The mural stands as one of Kirk’s proudest achievements. It also was the most difficult thing she’s done, she says, because that country’s anti-LGBTQ laws kept her from being her authentic self. Kirk has spent her career fighting for visibility and equal rights but, in Casablanca, couldn’t even show affection for her wife in public.
“But Morocco is only one place,” Kirk says. “Any time we are planning a trip or vacation, we have to think about those things.”
Wherever she goes, Kirk says her South Side origins help define her perspective. But she says talking with people who live in a given neighborhood helps her to create art that will stay relevant.

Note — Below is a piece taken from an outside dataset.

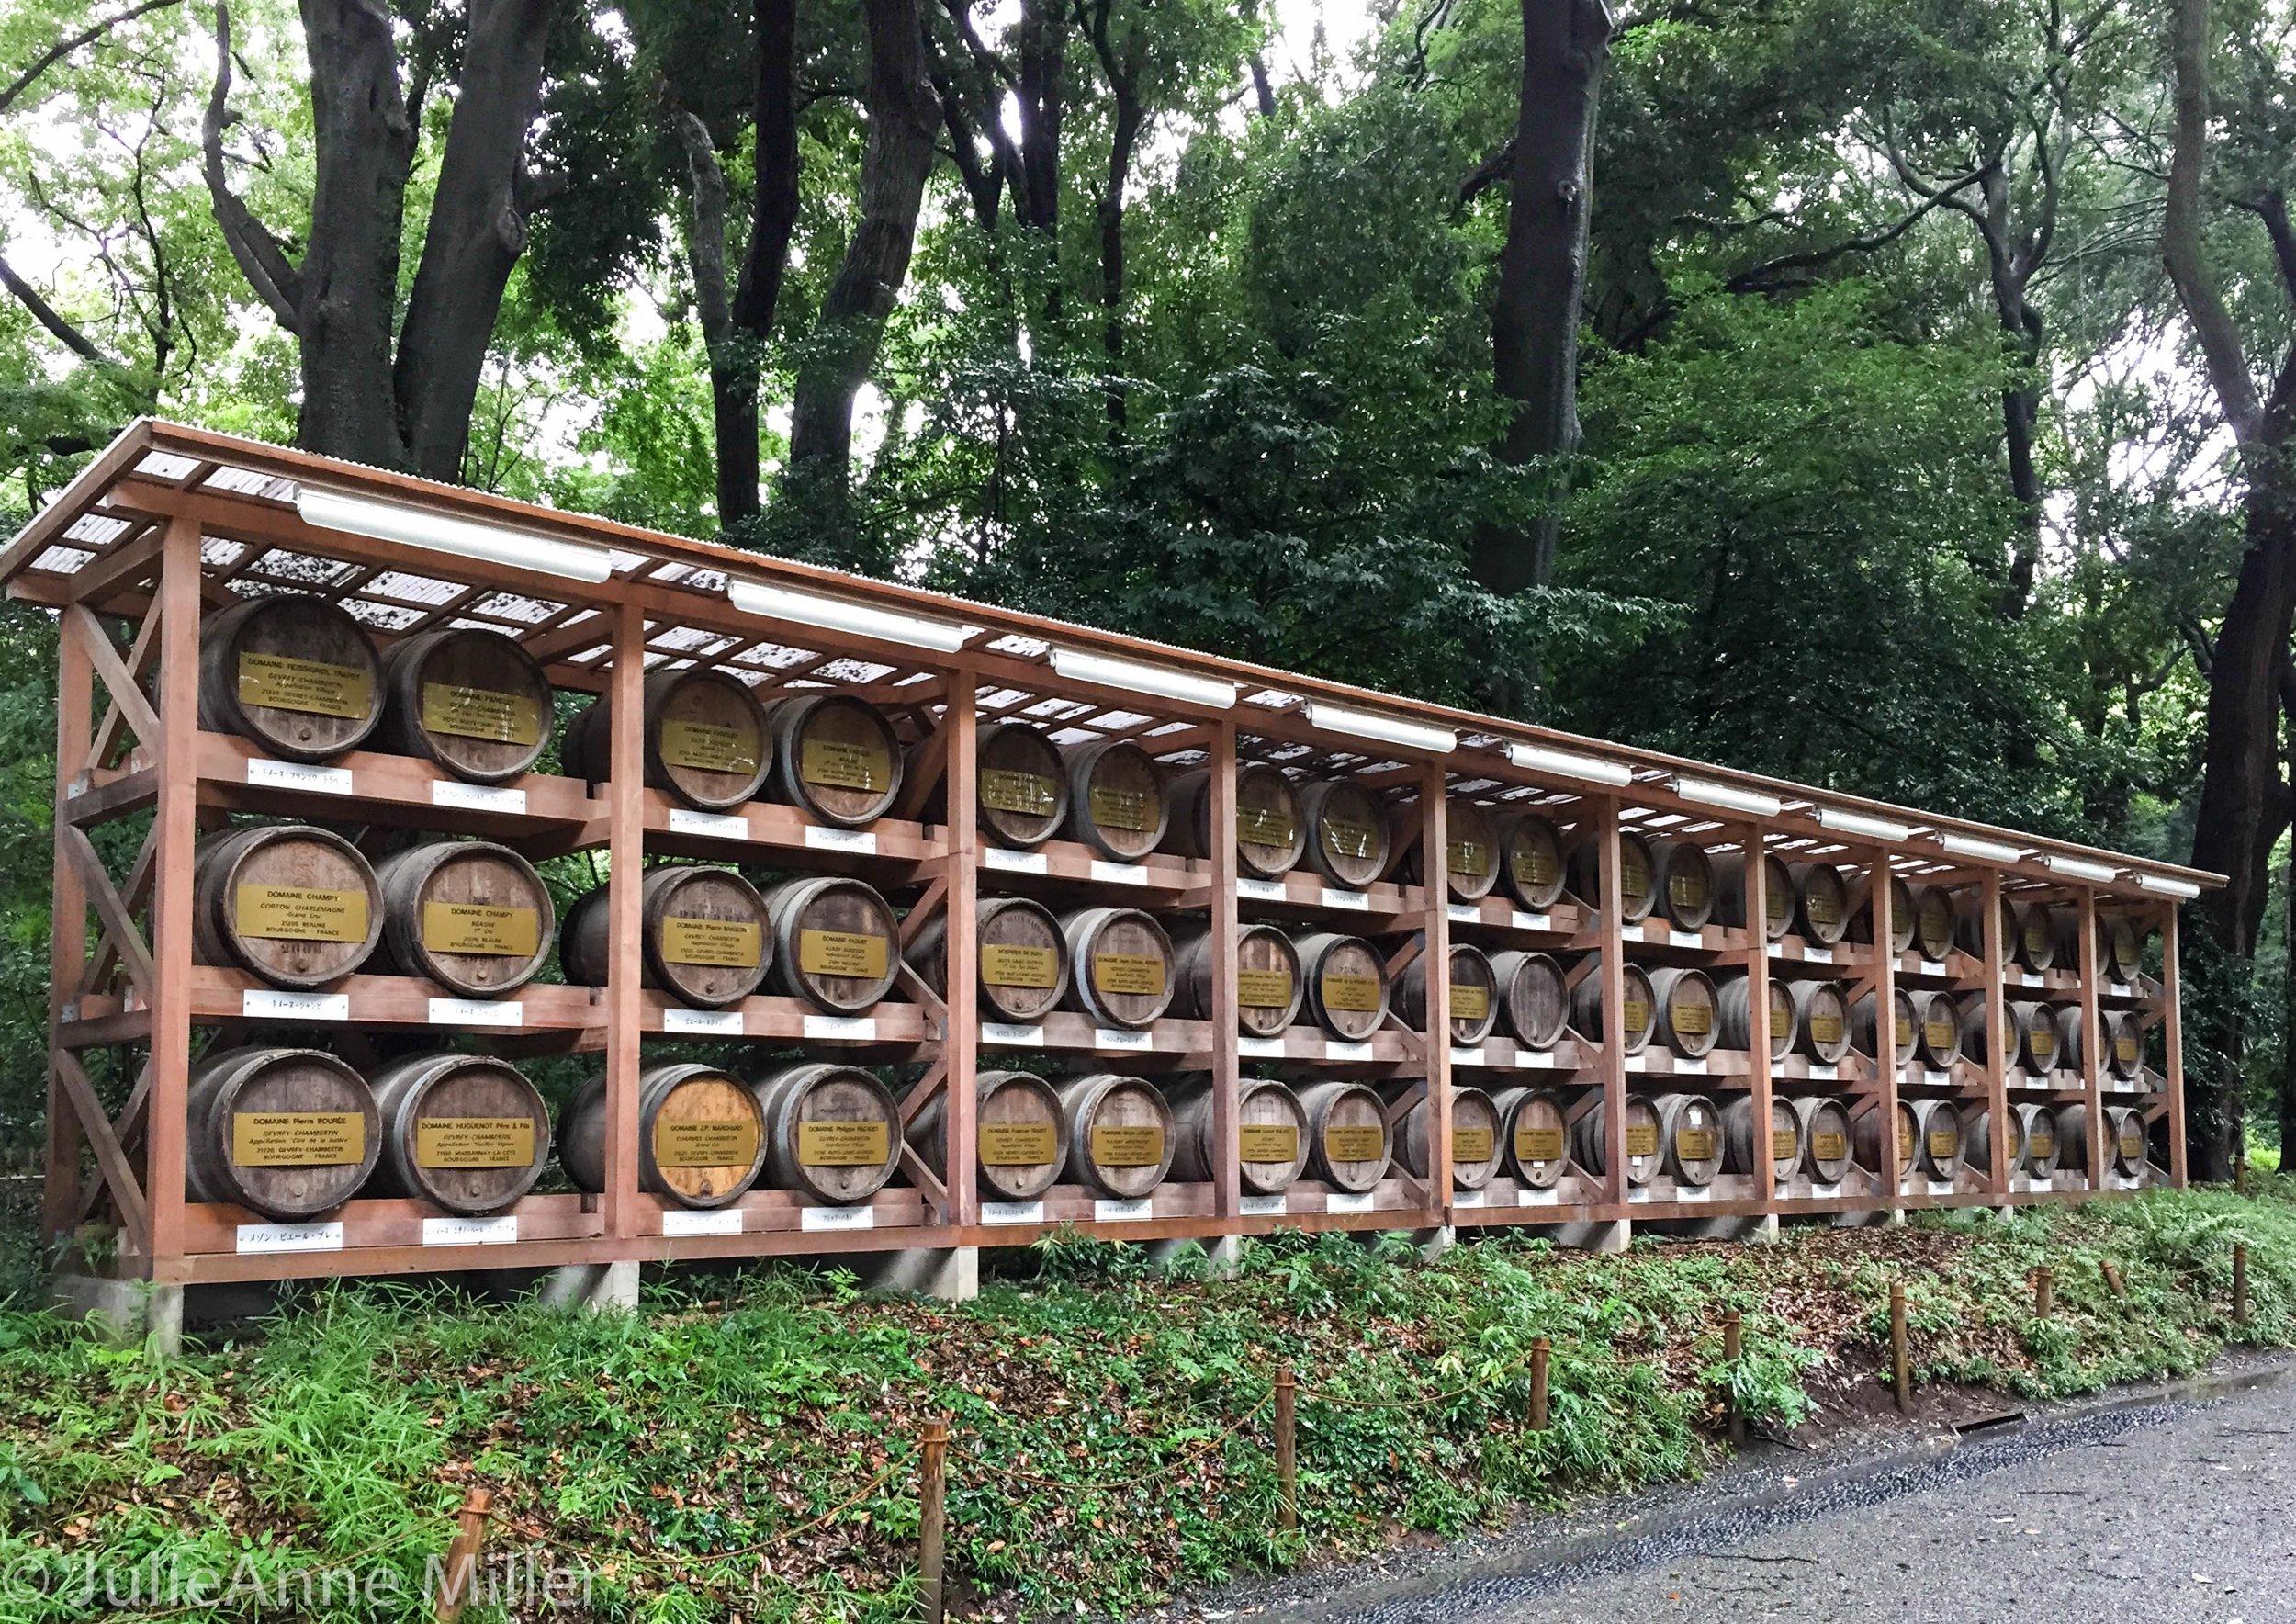 Wine caskets

“It was important to incorporate the input of the community, and they felt it was crucial for the ‘Logan Square Mural,’ ” Ald. Carlos Ramirez-Rosa (35th) says of a work that depicts the neighborhood before gentrification. “They spoke about the themes in our neighborhood and the fears, like gentrification and displacement.”
Ramirez-Rosa and a team commissioned Kirk and artist Sandra Antongiorgi to paint the mural at the CTA’s Logan Square Blue Line stop’s bus turnaround. The piece was part of former Mayor Rahm Emanuel’s 2017 “Year of Public Art.”

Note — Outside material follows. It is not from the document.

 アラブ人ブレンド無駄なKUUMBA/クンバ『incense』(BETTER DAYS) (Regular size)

“You see landmarks of the community, the faces of the people that call Logan Square home, and you see its historic overtures,” Ramirez-Rosa says. “I think it’s a very beautiful, vibrant piece of the diverse neighborhood we are aspiring to be.”
As Pilsen, Logan Square and other rapidly gentrifying neighborhoods undergo change, Kirk says she hopes public art like hers will inspire new residents to ask about the murals, who created them and what was going on when the murals were created.
“Murals allows us to understand the history of our neighborhoods,” Kirk says. “We think about all of the opportunities that were not given to black and brown people as far as owning and buying property, like how redlining has affected communities of color here.
“I feel a mural can spark that conversation and almost give a history lesson.”
Take Kirk’s first mural. Painted in 2010, “The Culture Clash,” at 1708 S. Ashland Ave., addresses housing displacement.
Another mural, “Si Se Puede” at 1306 S. Michigan Ave., is a nod to the labor movement.
Another, “Power to the People,” at State Street and Lake Street, celebrates women in construction trades.
Some of her paintings highlight a neighborhood’s unsung heroes, like “Pilseneros,” showing a paletero — an ice-cream man — and the smiles that embrace him.